CGA President, Tribe of Judah Founder & President
Staff member
Epic Games has released the Unreal Developer Kit - a fully functional version of Unreal Engine 3, complete with development tools, that's free for non-commercial projects. That's right, you can create full, standalone games using the UE3 tools and easily redistribute them, all free of charge.

For commercial use, you'll need to buy a $99 royalty-bearing license if you plan to sell your game. There's more expensive full license, but that won't apply to most game developers.

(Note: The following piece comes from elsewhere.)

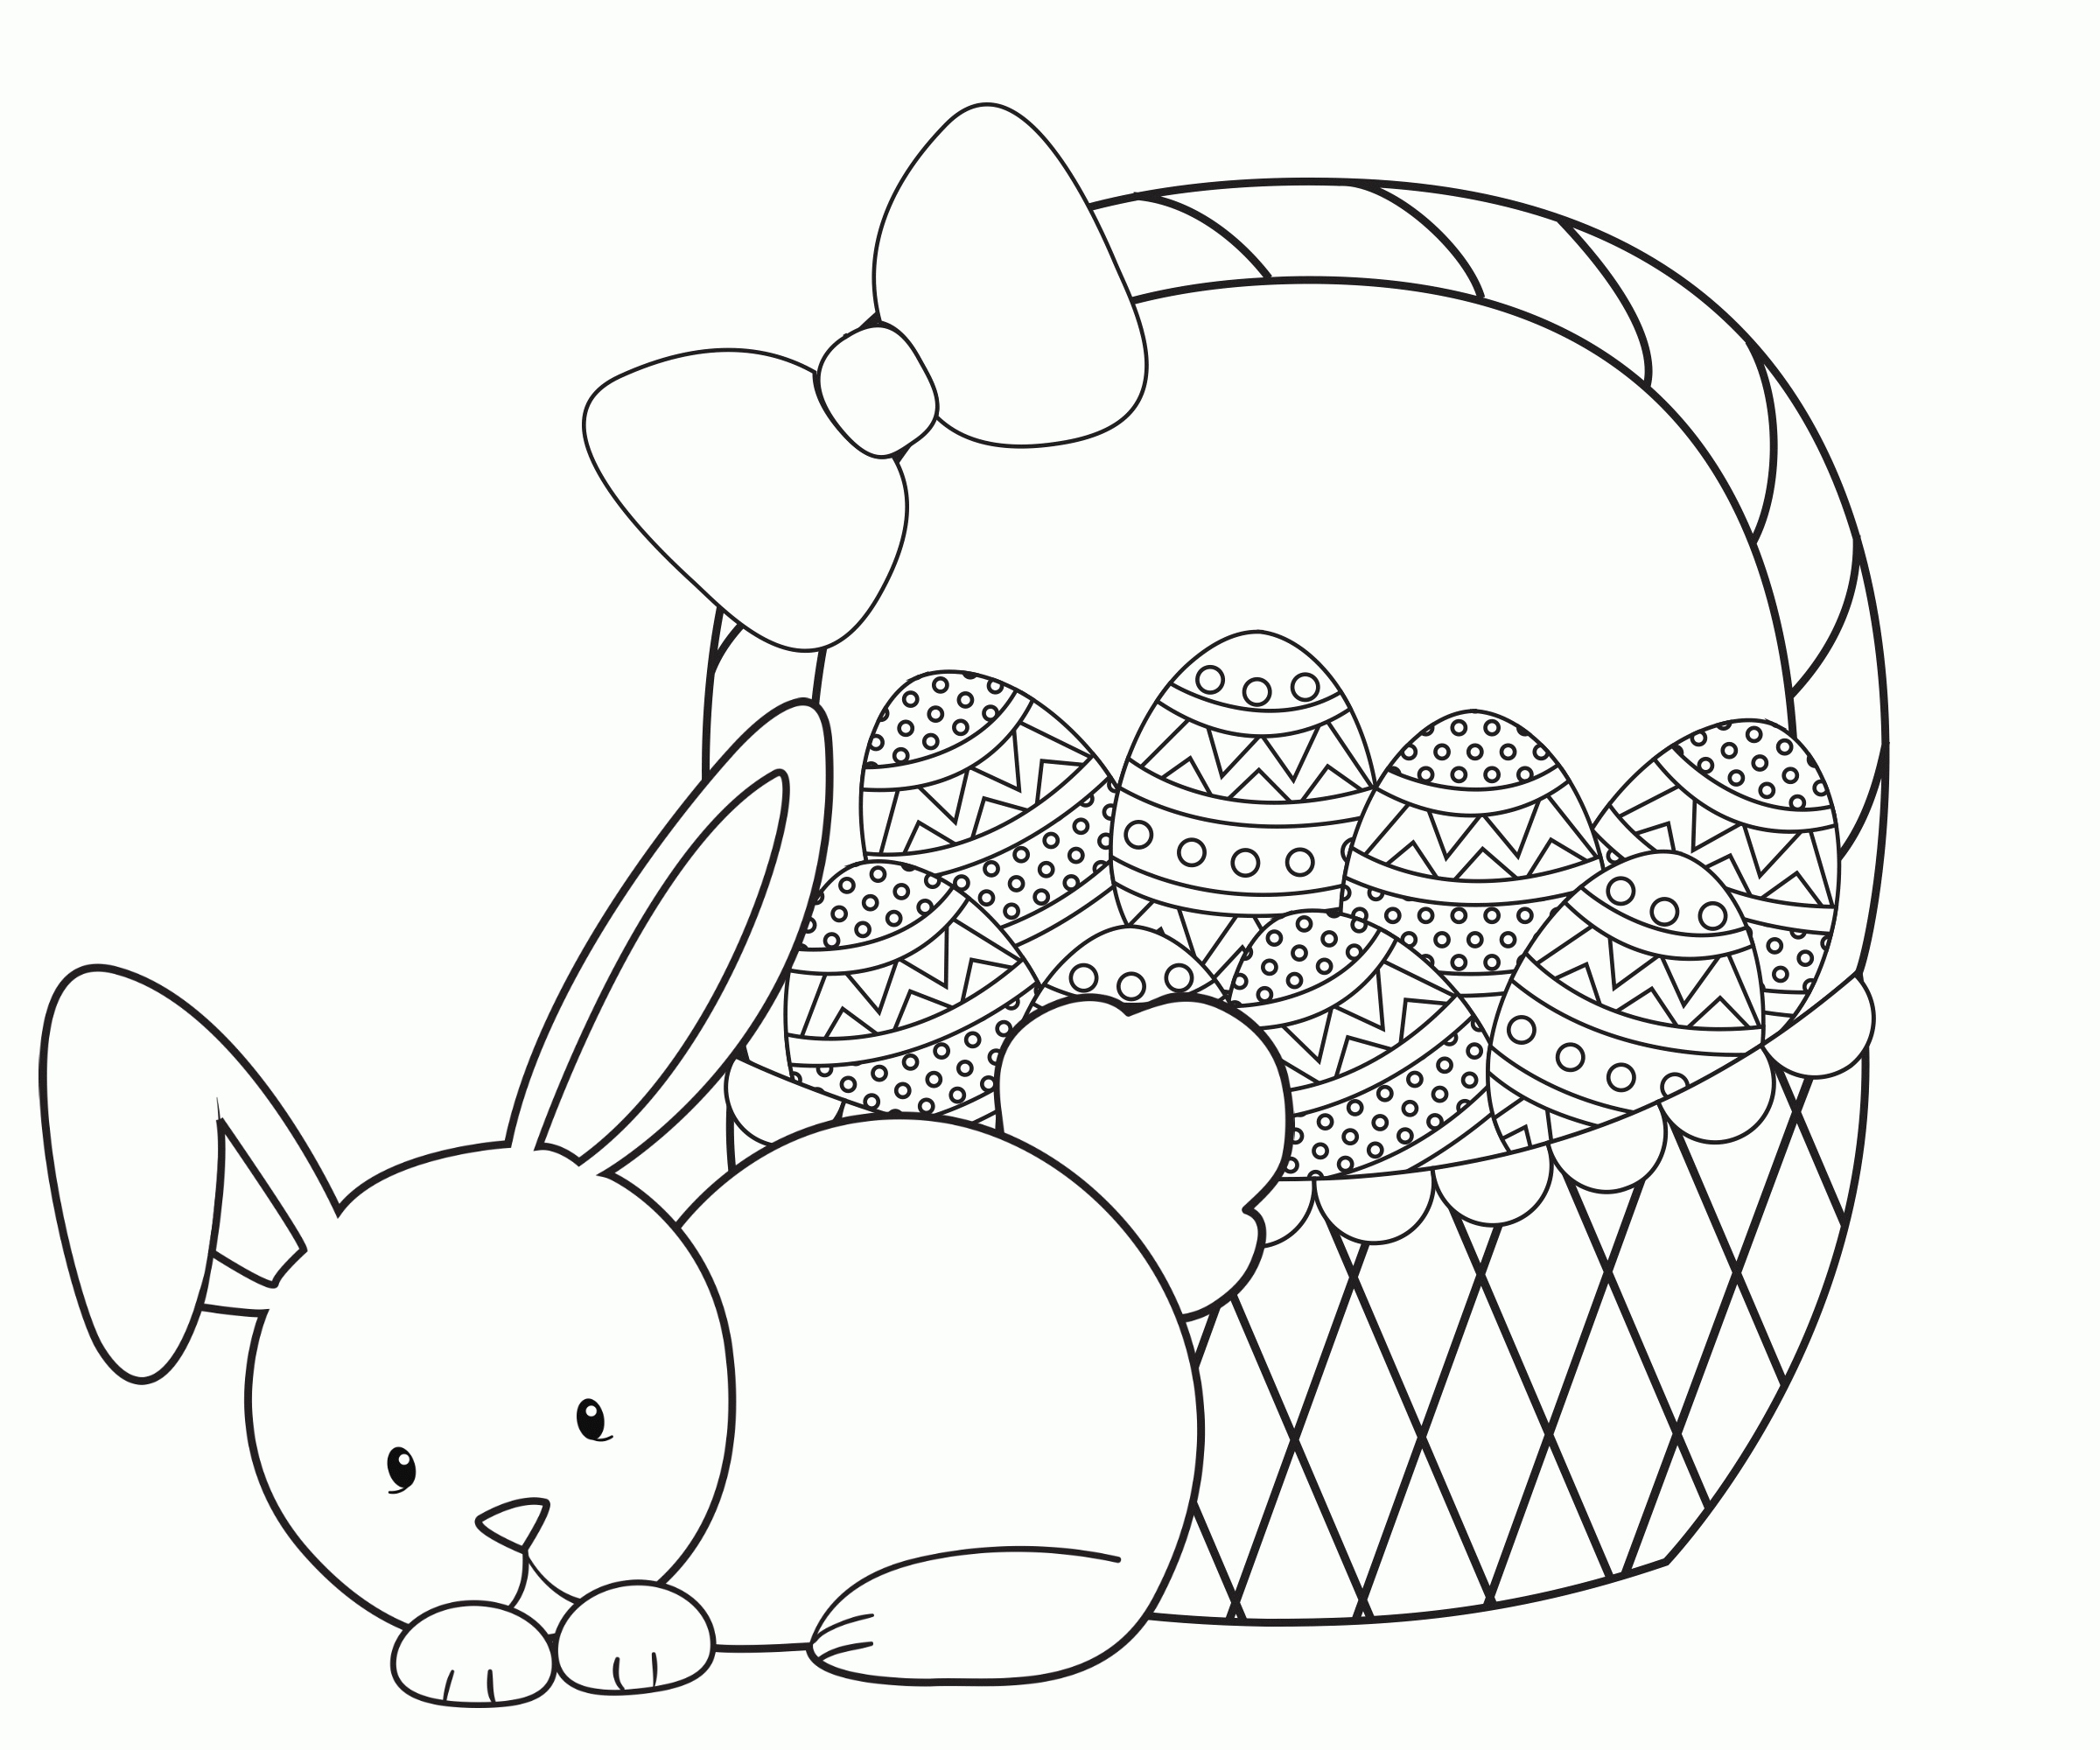 Download Easter Basket Printable Coloring Pages at GetDrawings.com ...

With the Make Something Unreal contest drawing to a close, the UDK is sure to pick up where UT3's mod contest left off in terms of inspiring rising stars of game development. Alongside today's release of the UDK toolset come demo versions of "The Ball" and "Wizzle" built using UDK.
Source: Epic Unleashes Unreal Developer Kit

Makes me wish I have skills relevant to game development (other than writing out pages of design notes).
 
Makes me wish I have skills relevant to game development (other than writing out pages of design notes).

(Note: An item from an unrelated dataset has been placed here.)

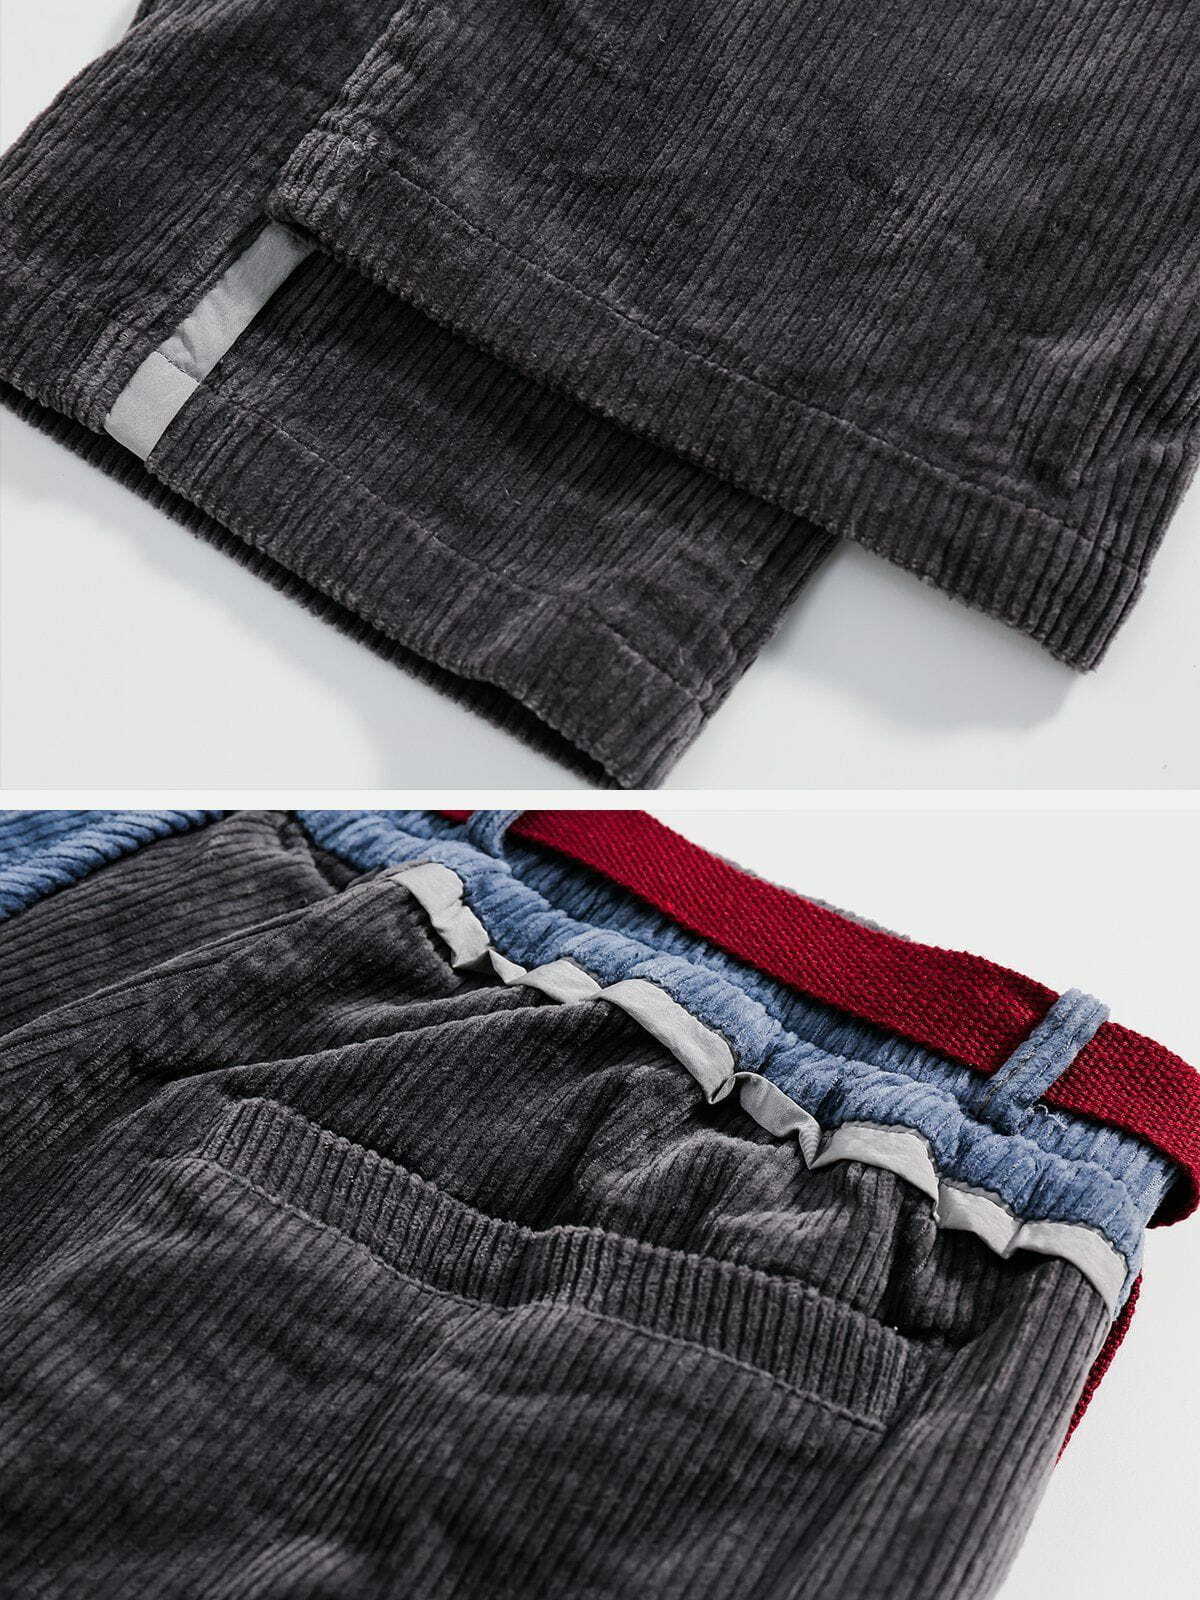 wideleg patchwork corduroy pants retro & edgy streetwear 7417

The average 3D game takes years to make with several dozen people in different technical fields (programming, graphics design, sound, story and concept) and you typically have several people specialized at different tasks (texturing vs 3d modeling), network/ai/game programming, etc. Even a relatively simple 2d game can take months.
 
The average 3D game takes years to make with several dozen people in different technical fields (programming, graphics design, sound, story and concept) and you typically have several people specialized at different tasks (texturing vs 3d modeling), network/ai/game programming, etc. Even a relatively simple 2d game can take months.
Most of the game ideas I have are conservative in scope, though I have notes for an RPG from (I'd guess) 13 years ago that imagine a game on a much larger scale. My idea was to build a name and some revenue with the first two titles, then work on something larger for a third title.

Unfortunately, it's all just a daydream right now, anyway. I'm in the wrong place (Midwest US) at the wrong time (economic downturn) to break into the games industry and work my way up to Producer.